→ **WORK TASK**
When you copy from the entries that follow, take only the lines from the one with "Kylie Jenner's Swimsuits" down to the one with "Sea of Chinese", keeping both ends and dropping every picture.

→ **TASK DATA**
-*-

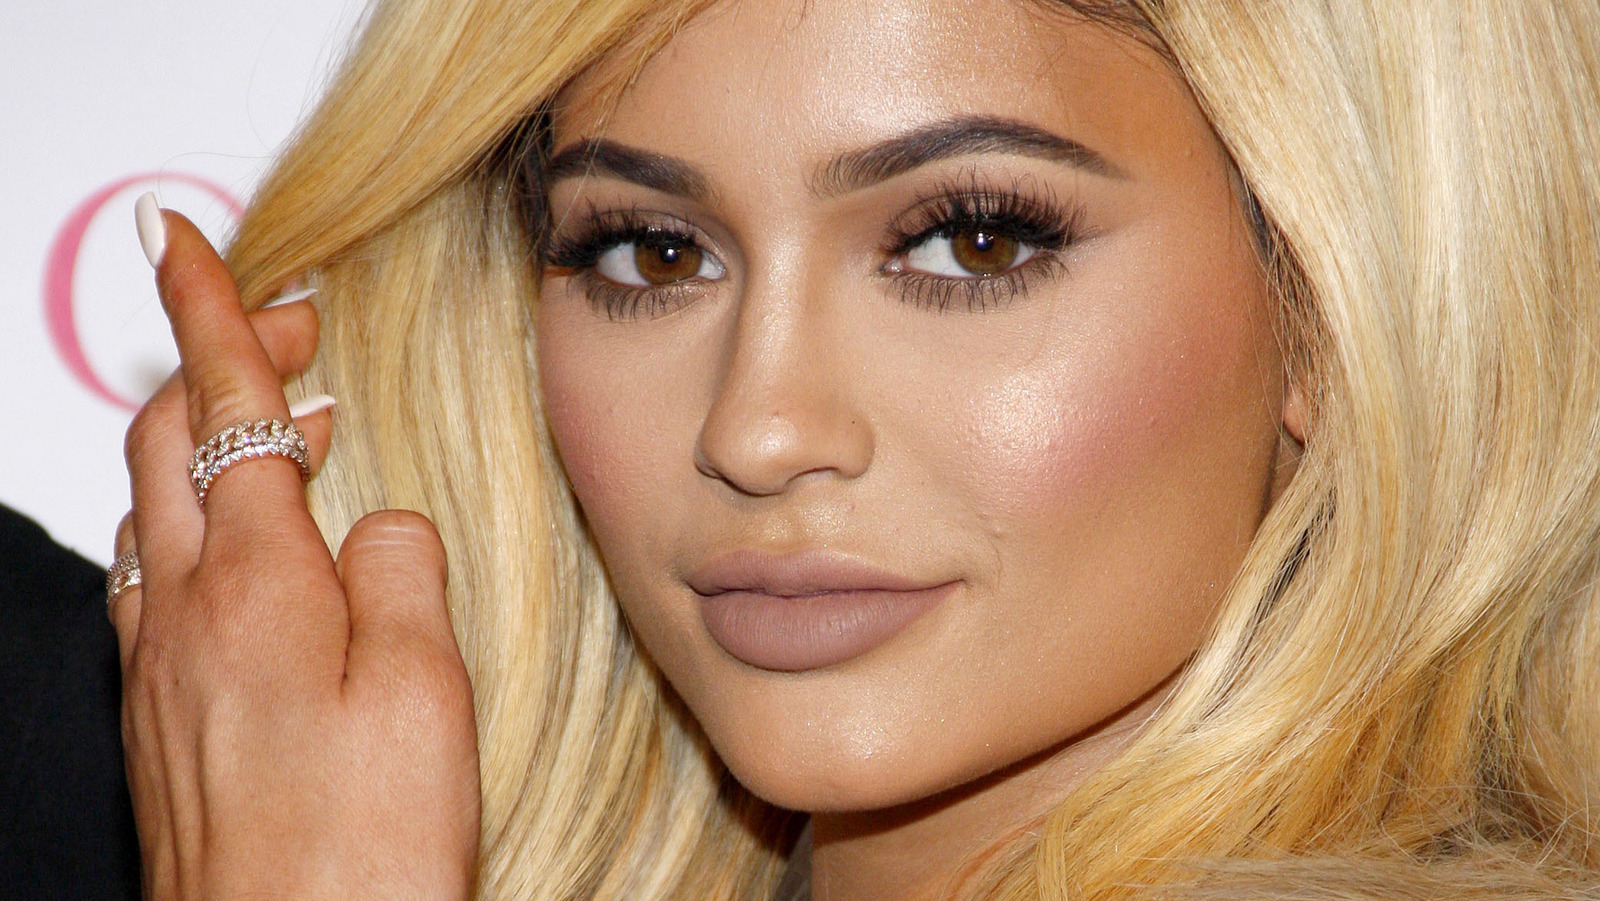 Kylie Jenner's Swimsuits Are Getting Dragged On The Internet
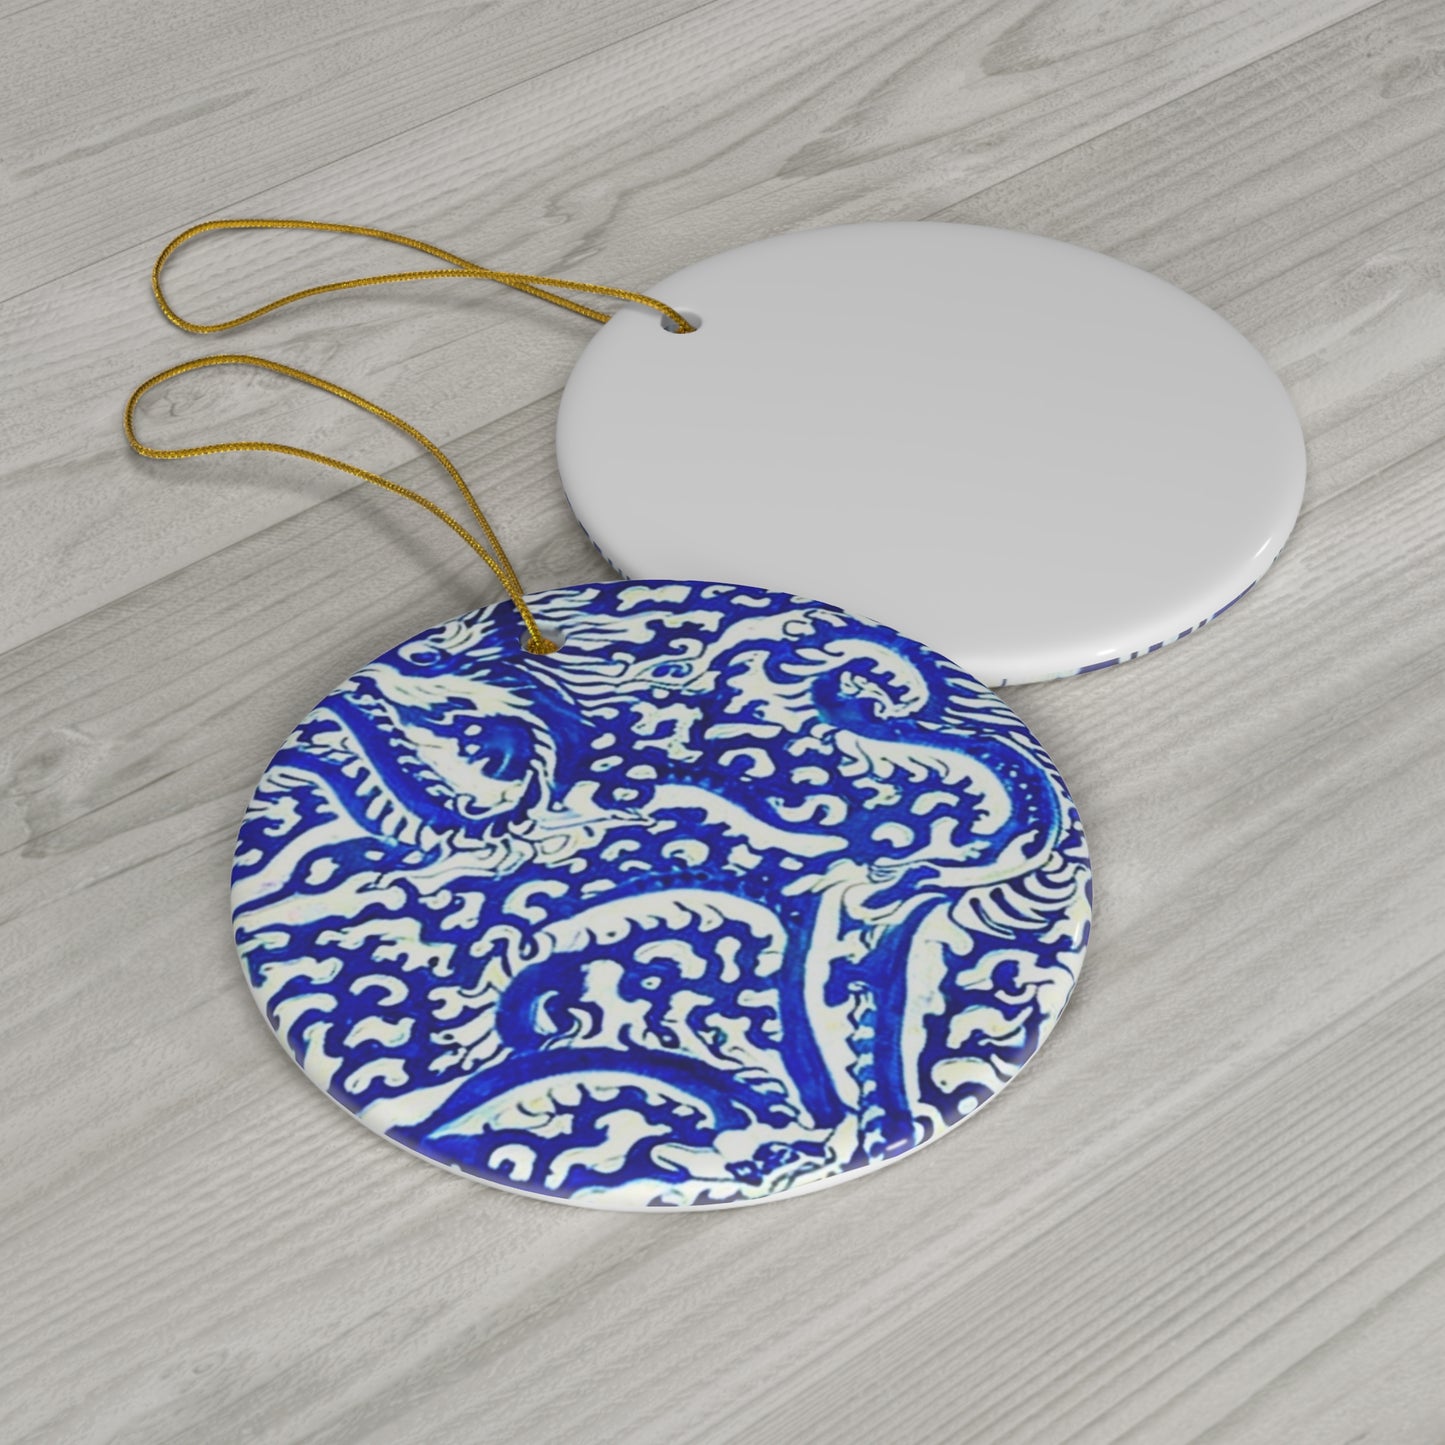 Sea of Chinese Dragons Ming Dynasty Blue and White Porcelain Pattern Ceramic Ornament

-*-

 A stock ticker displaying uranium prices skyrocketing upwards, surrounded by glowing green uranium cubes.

-*-

→ **RESULT OF THE TASK**
 Kylie Jenner's Swimsuits Are Getting Dragged On The Internet
 Sea of Chinese Dragons Ming Dynasty Blue and White Porcelain Pattern Ceramic Ornament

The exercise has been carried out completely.